The government does nothing to discourage this: it wants not more homes at genuinely affordable rents, but “more homes of every kind” – unaffordable for many at market prices, and often built on greenfield sites. While new homes targets are missed, those trying to buy into the existing stock struggle to find enough for a deposit, pay existing mortgages as interest rates increase, or find property in an overheating rental market.

According to the Halifax the average first time buyer needs a deposit of over £62,000 to buy a property. This study found that in 2022 average property values for first time buyers were around 7.6 times the average of UK salaries. That rises to 10 times the average salary in areas of London. As a result, the majority of people are now getting their first mortgages in joint names.

In mid-2022 the Halifax reported that housing availability had fallen to its lowest level on record. The failure to plan is having a direct impact on workers being able to access housing and then pay for it. The report found that, since the start of the pandemic, house prices have risen by 16.8 per cent while earnings had gone up by only 2.7 per cent over the same period.

For those who already have a mortgage, repayments are an increasing burden. The Office of National Statistics looked at the loan to value ratio, the size of the loan relative to the value of the property being purchased. They reported a 61 per cent increase in monthly repayments on a semi-detached property in December 2022 compared to a year earlier. Similar increases were seen on other types of property.

Unaffordable

In December 2021 a loan to value ratio of 75 per cent and a budget of £1,000 per month would enable someone to afford an average semi-detached property in nearly two-thirds of local authorities in Britain.

A year later an average semi would be affordable in less than a third of local authority areas.

The story is much the same in the private rented sector. According to HomeLet Rental Index the average rental price for a new tenancy in the UK in July 2023 was £1,243 a month, up by over 10 per cent from last year. The figures for London were far higher, £2,109 a month, an increase of 12.9 per cent.

We need to start planning and re-building to meet increased housing demand from a growing population, changing demographics and inadequate old housing stock. We also need to plan for the supporting infrastructure that is currently inadequate even for the existing population – transport, schools, GPs and so on.

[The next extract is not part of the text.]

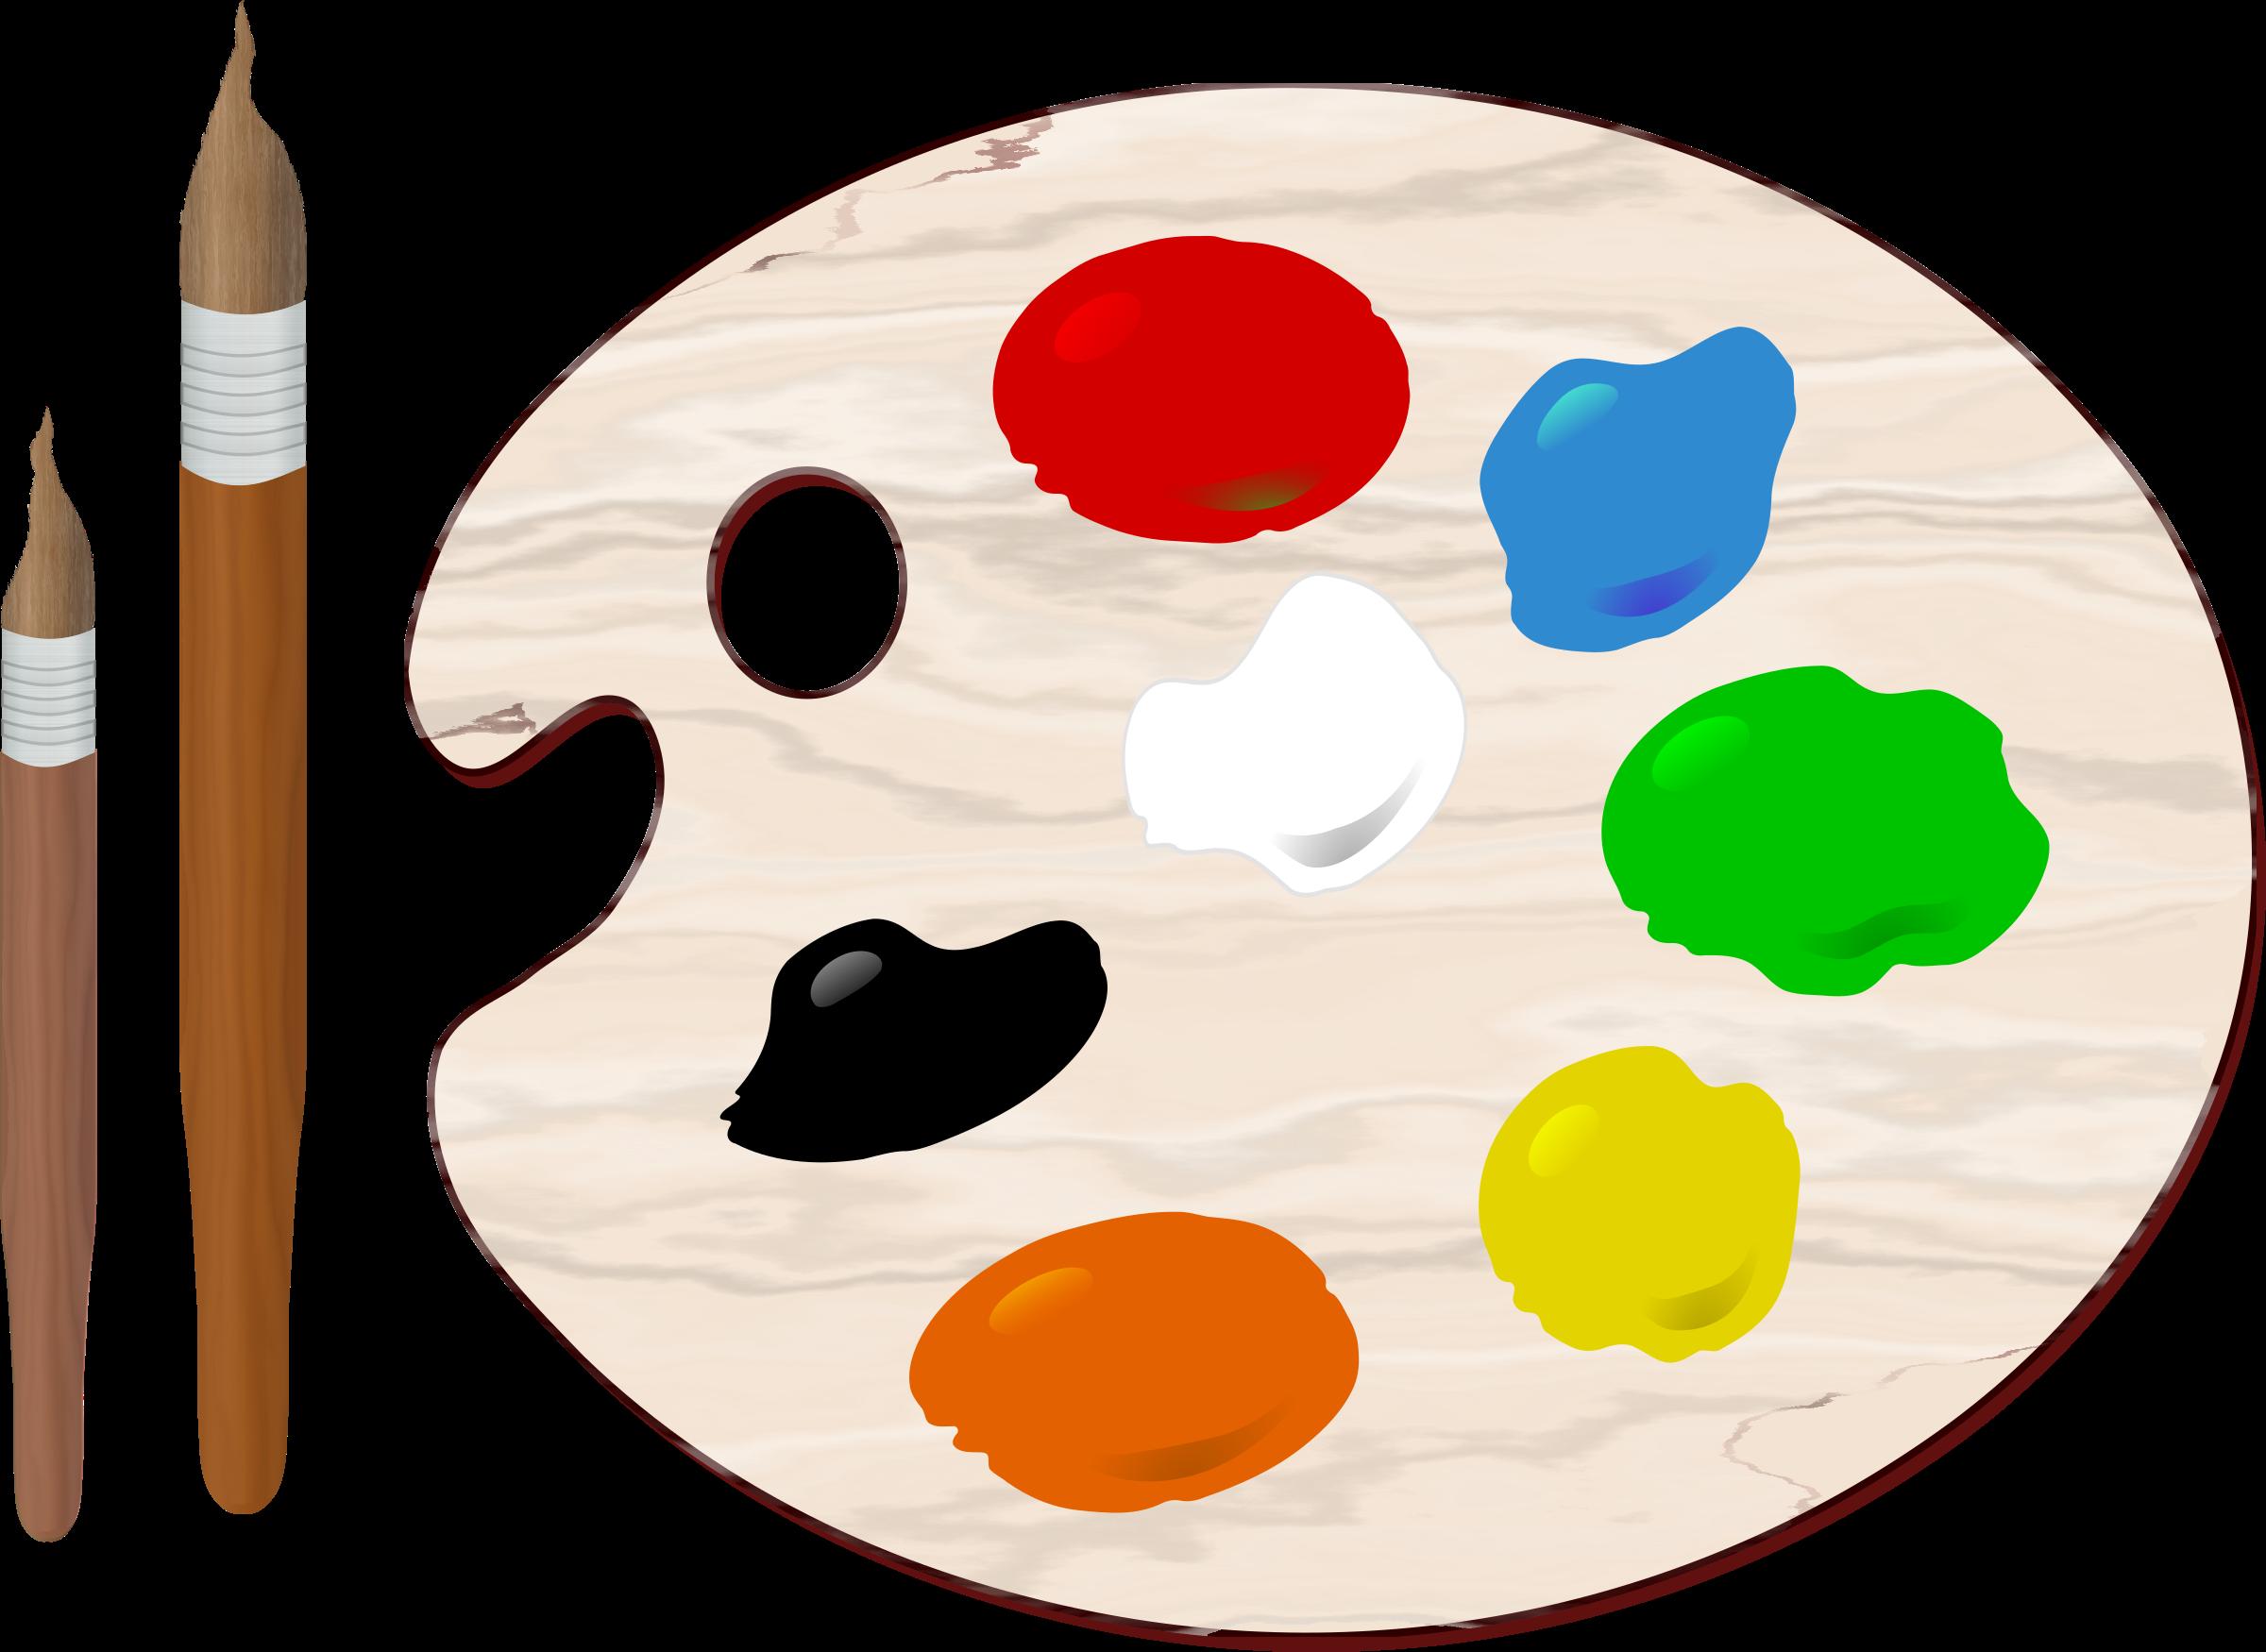 Paint Palette-Paint Palette-14

We need a house building programme that prioritises proper planning for people rather than property developers. As a country we need farmland for our self-sufficiency in food production and we need our countryside – as does our wildlife. So relying on profitable greenfield sites isn’t the answer.

Increased house building also provides an opportunity to create jobs and develop skills in planning and in the construction industry, including the development of high-quality apprenticeships for young people. There is also an opportunity to source building materials and equipment from British factories, further safeguarding and developing employment and skills.

But this isn’t going to happen without us making it happen. The inability, or more to the point, the unwillingness of the government to build new housing within our towns and cities, develop safe and integrated planning and ensure existing housing is affordable is evidence of that.